_What is expected_
Filter this data down to the lines that hold "Brazil", and copy them.

(Items listed in a dataset)
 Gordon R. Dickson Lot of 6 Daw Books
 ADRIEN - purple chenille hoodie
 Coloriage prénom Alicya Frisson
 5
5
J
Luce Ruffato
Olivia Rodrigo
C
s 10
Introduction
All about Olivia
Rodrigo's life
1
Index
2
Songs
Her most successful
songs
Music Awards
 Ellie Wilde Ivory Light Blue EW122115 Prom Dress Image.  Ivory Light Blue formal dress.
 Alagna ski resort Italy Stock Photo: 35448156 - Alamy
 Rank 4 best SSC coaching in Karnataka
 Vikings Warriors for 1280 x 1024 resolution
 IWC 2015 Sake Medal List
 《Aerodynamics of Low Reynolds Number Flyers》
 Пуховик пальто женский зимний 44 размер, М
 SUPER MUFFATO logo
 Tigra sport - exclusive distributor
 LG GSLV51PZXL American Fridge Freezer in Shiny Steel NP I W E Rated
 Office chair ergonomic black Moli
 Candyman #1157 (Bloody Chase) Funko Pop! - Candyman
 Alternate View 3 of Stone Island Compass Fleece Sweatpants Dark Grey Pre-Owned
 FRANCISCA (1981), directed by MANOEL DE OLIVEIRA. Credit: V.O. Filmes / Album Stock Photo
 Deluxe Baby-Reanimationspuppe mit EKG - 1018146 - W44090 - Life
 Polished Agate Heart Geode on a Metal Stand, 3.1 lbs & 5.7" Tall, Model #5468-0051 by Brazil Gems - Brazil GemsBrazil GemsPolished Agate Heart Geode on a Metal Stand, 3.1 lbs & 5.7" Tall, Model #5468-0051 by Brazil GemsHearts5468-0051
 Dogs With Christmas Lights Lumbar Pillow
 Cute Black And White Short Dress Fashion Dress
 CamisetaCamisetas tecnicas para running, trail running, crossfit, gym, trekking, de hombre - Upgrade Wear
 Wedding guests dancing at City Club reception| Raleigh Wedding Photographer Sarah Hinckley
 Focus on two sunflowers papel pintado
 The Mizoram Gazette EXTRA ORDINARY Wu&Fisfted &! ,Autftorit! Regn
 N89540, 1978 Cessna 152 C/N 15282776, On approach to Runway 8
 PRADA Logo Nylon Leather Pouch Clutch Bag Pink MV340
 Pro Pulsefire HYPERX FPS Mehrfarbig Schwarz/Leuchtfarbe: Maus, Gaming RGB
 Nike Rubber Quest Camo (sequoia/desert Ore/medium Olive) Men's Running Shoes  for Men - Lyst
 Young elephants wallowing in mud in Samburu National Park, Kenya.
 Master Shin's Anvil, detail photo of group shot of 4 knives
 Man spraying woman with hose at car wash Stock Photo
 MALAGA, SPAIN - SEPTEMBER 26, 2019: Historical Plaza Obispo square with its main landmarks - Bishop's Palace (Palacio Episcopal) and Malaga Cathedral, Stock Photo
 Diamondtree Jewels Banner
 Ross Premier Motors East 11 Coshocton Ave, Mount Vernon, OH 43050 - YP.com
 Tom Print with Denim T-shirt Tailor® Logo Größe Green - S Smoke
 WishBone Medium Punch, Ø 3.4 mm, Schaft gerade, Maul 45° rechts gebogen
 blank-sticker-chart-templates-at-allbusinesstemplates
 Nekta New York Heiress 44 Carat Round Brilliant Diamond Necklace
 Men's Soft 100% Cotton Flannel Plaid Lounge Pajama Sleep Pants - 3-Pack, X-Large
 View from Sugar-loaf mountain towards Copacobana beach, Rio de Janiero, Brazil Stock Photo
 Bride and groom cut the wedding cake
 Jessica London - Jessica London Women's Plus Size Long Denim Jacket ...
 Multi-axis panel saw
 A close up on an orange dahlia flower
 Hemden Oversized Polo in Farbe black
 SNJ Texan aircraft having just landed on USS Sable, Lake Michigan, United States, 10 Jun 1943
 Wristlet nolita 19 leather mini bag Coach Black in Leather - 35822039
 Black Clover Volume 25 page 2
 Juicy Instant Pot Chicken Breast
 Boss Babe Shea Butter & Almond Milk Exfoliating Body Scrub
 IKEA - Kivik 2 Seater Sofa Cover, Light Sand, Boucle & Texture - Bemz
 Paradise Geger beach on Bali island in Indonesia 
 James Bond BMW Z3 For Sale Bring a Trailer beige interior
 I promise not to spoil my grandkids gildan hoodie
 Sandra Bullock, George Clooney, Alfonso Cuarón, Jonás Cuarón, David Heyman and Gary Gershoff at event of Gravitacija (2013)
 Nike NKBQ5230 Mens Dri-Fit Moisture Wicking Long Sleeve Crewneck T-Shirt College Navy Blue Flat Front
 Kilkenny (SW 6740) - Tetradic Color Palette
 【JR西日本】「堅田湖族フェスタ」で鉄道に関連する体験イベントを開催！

_Answer below_
 Polished Agate Heart Geode on a Metal Stand, 3.1 lbs & 5.7" Tall, Model #5468-0051 by Brazil Gems - Brazil GemsBrazil GemsPolished Agate Heart Geode on a Metal Stand, 3.1 lbs & 5.7" Tall, Model #5468-0051 by Brazil GemsHearts5468-0051
 View from Sugar-loaf mountain towards Copacobana beach, Rio de Janiero, Brazil Stock Photo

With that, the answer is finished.